2
$\begingroup$

Using Fermat's Theorem prove if $p$ is prime, prove $1^p + 2^p + 3^p +...+(p-1)^p \equiv 0 \bmod{p}$

The two definitions of Fermat's Little Theorem is $a^p \equiv a \bmod{p}$ and $a^{p-1} \equiv 1 \bmod{p}$ but I don't know how to use this solve the problem

5 Answers 5

4

Since $1^p \equiv 1$, and $2^p \equiv 2$, $\ldots$ $(p-1)^p \equiv p-1$, we have that

$1^p + 2^p + \ldots (p-1)^p \equiv 1 + 2 + \ldots + p-1$

However, we know this sum: $\sum_{i = 1}^{p-1} i = \frac{p (p-1)}{2}$, which for odd primes would be a multiple of $p$, and we are done by reducing modulo $p$, then we only must check the case for $2$, which doesn't hold, and it's awkward...

2

Hint: Use Fermat's theorem for each $k$ ($1\le k\le p-1$) and add all them up.

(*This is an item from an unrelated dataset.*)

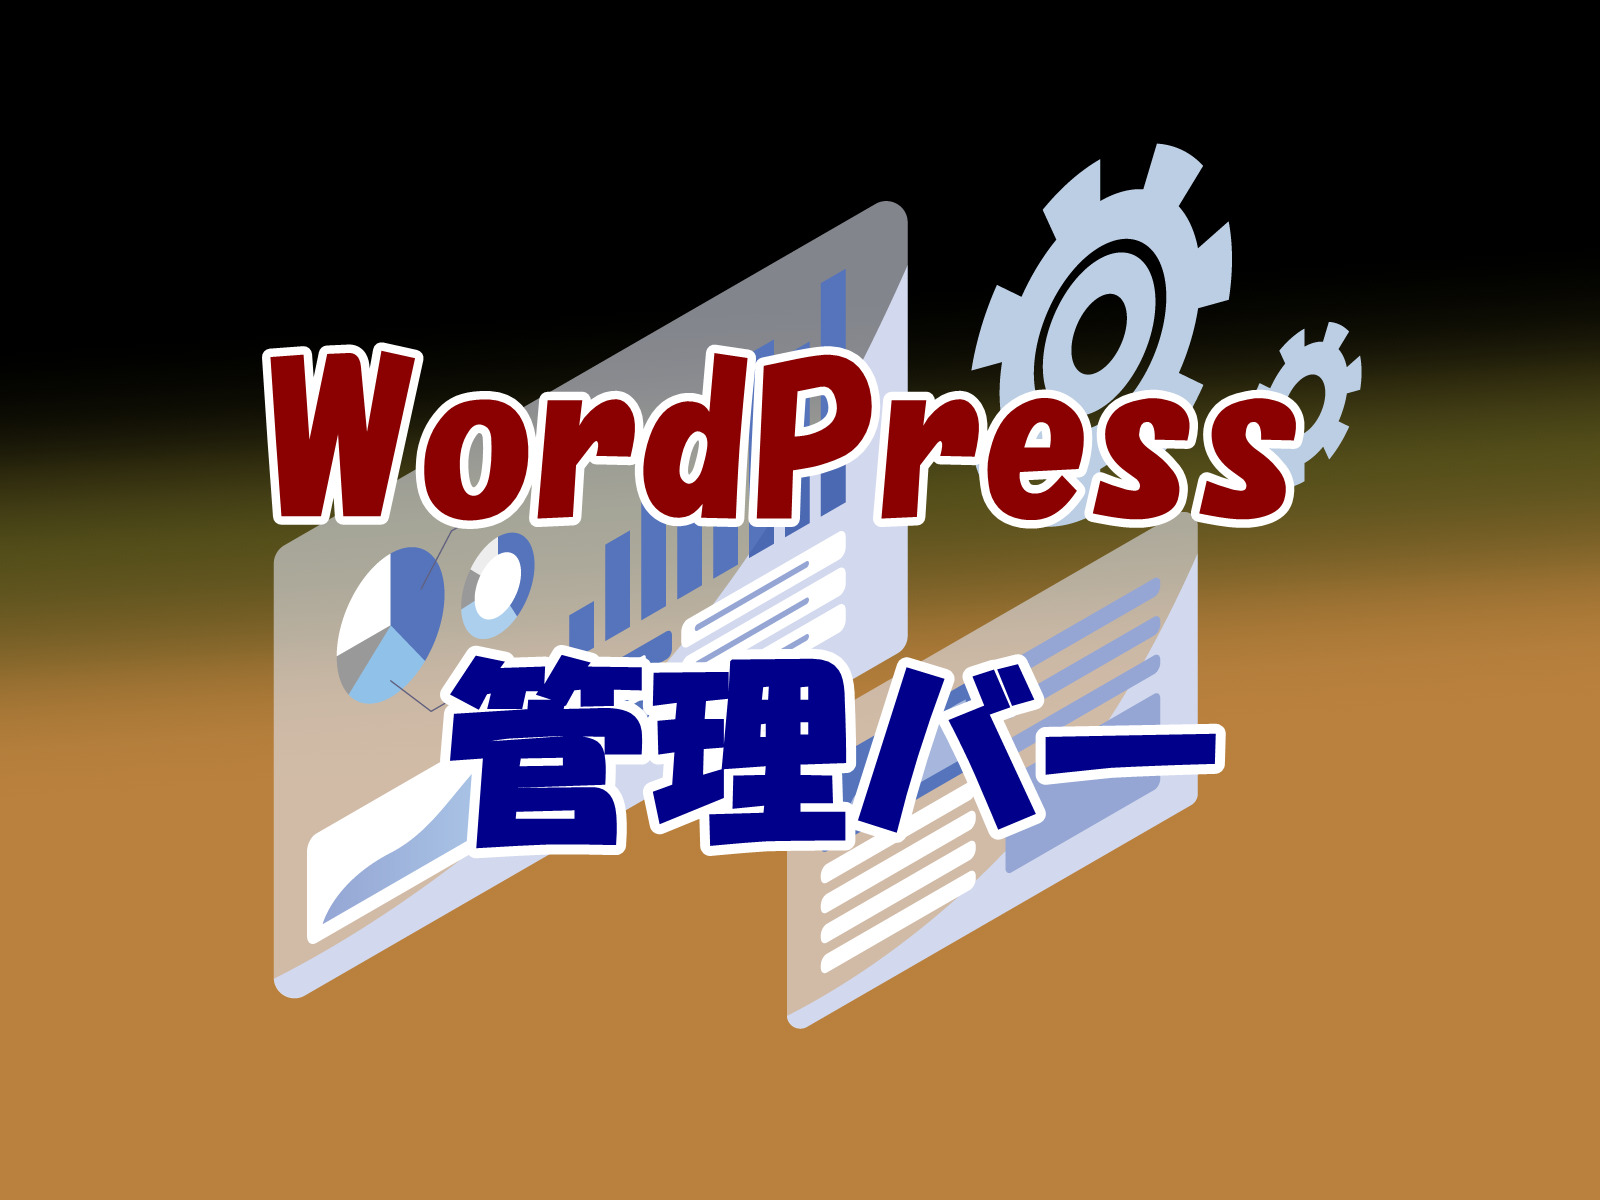 【WordPress】管理バーのカスタマイズ方法、追加・削除・文字変更【WP】
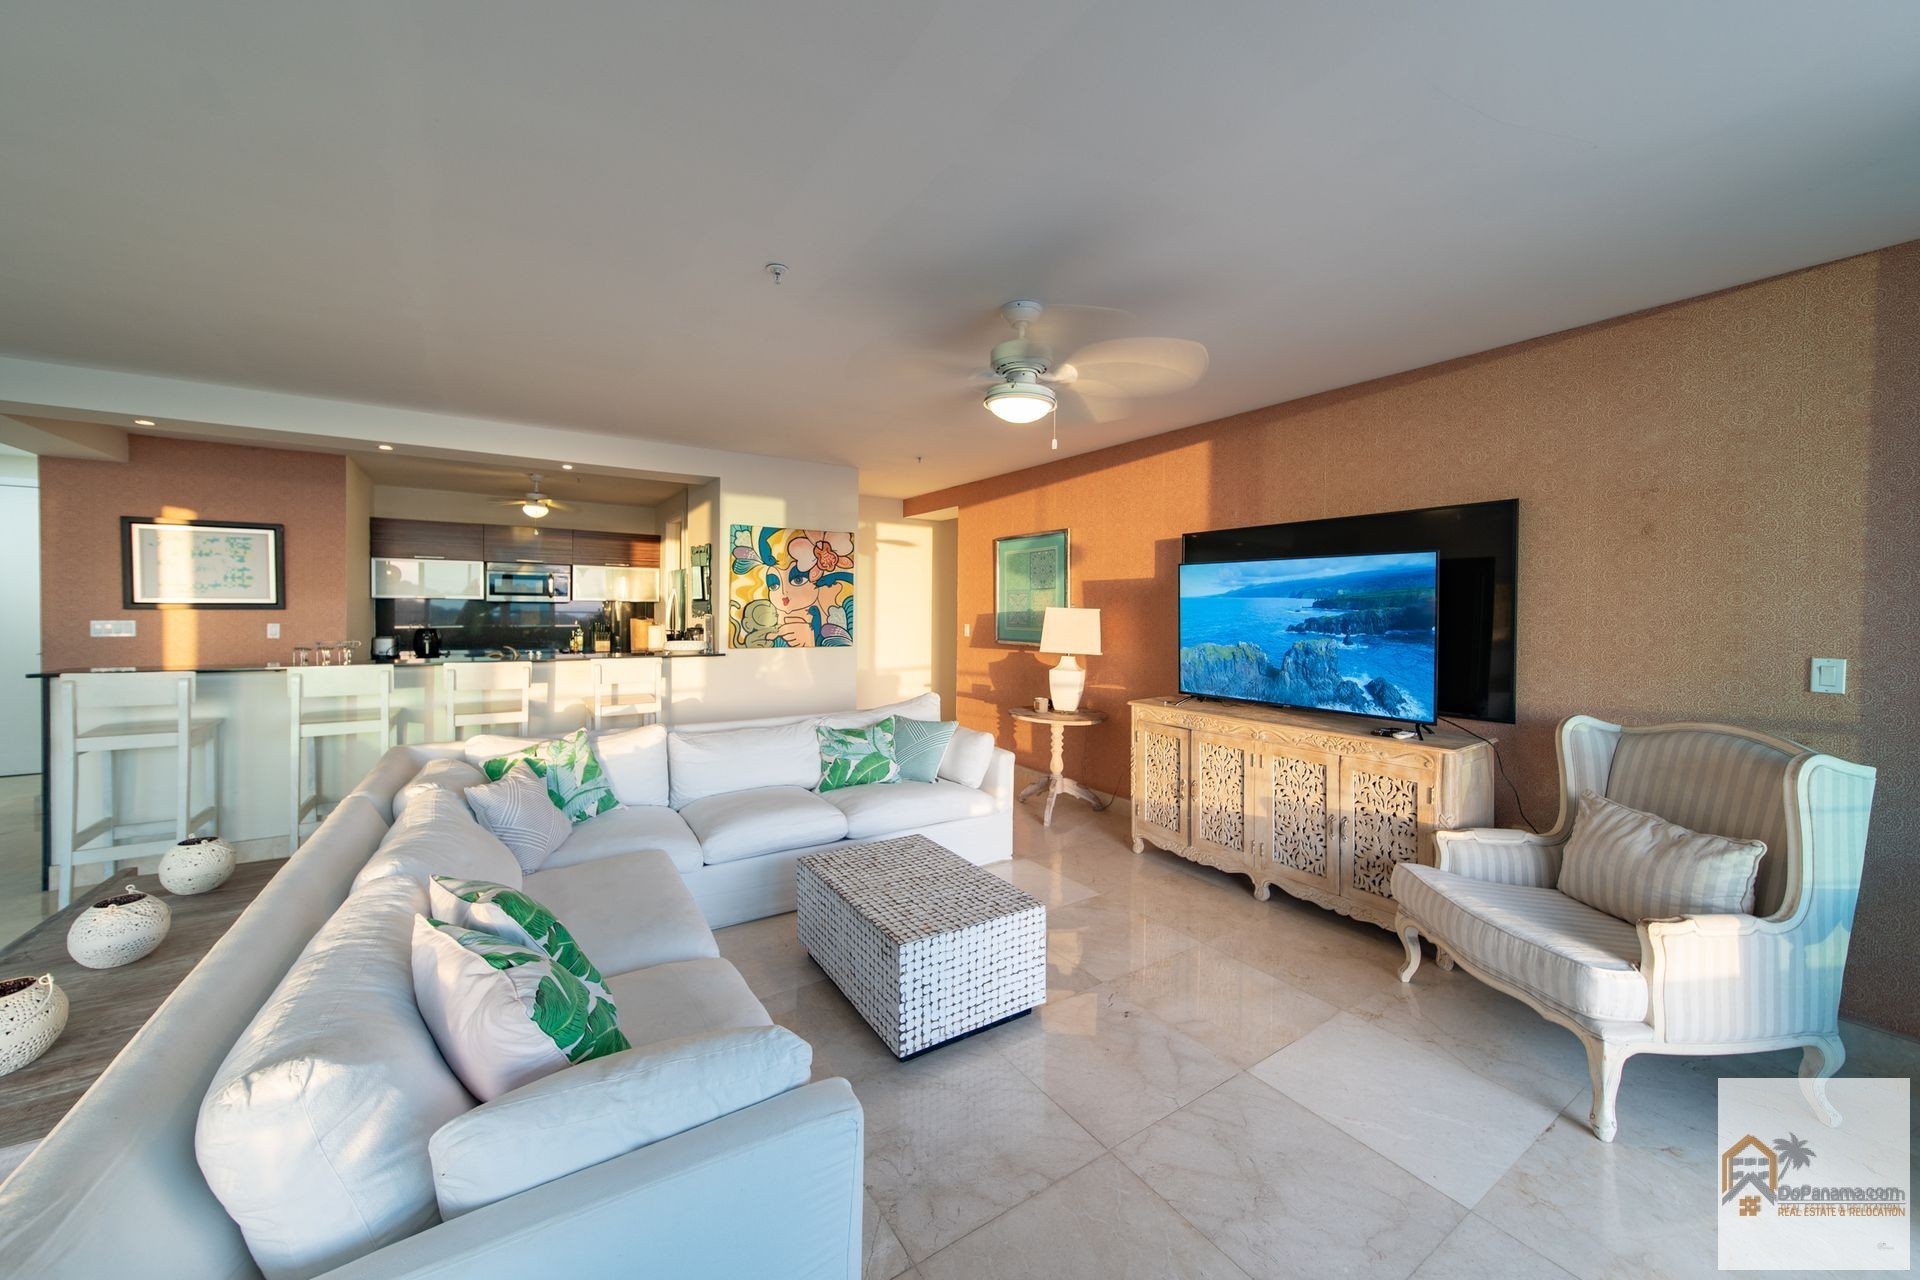 Luxurious 3-Bedroom Penthouse in Casa Bonita Condo & Beach Club - Your Paradise Awaits

Then use Gauss's formula for the sum $1+2+\cdots +(p-1)$.

1

$1^p + ... + (p-1)^p \equiv 1 + 2 + ... (p-1) \equiv (1 + (p-1)) + (2 + (p-2)) + ... +(\frac{p-1}{2} + \frac{p+1}{2}) \equiv p + ... + p \equiv 0 (\mod p) $

Edit: Assuming p is an odd prime, of course

  • 0
    Because $p$ is odd, that'll be the last two pairs in the sum. Write out some of these sums for various primes and you'll see where it comes from.2012-12-10
0

Before you wonder if you know how to use Fermat's theorem to solve the problem, first wonder if you are able to use Fermat's theorem at all.

There are a lot of things raised to the $p$-th power, and one form of Fermat's theorem tells you something about things raised to the $p$-th power. So you see what Fermat's theorem tells you about them.

You don't do this because you know it will solve the problem: you do this because maybe it will tell you something useful.

As it turns out, the thing it tells you is that your problem is equivalent to a problem you already know how to solve.

0

There is no need of Fermat's theorem. If $p$ is odd, then $p$ divides $ k^p +(p-k)^p = (k+p-k)\left(k^{p-1}-\ldots+(p-k)^{p-1}\right)=p A, $ hence by collecting the terms of your sum in couples (just like Gauss did when he was five years old in order to prove that $1+2+\ldots+n = \frac{(n+1)n}{2}$) you get that the sum is a multiple of $p$.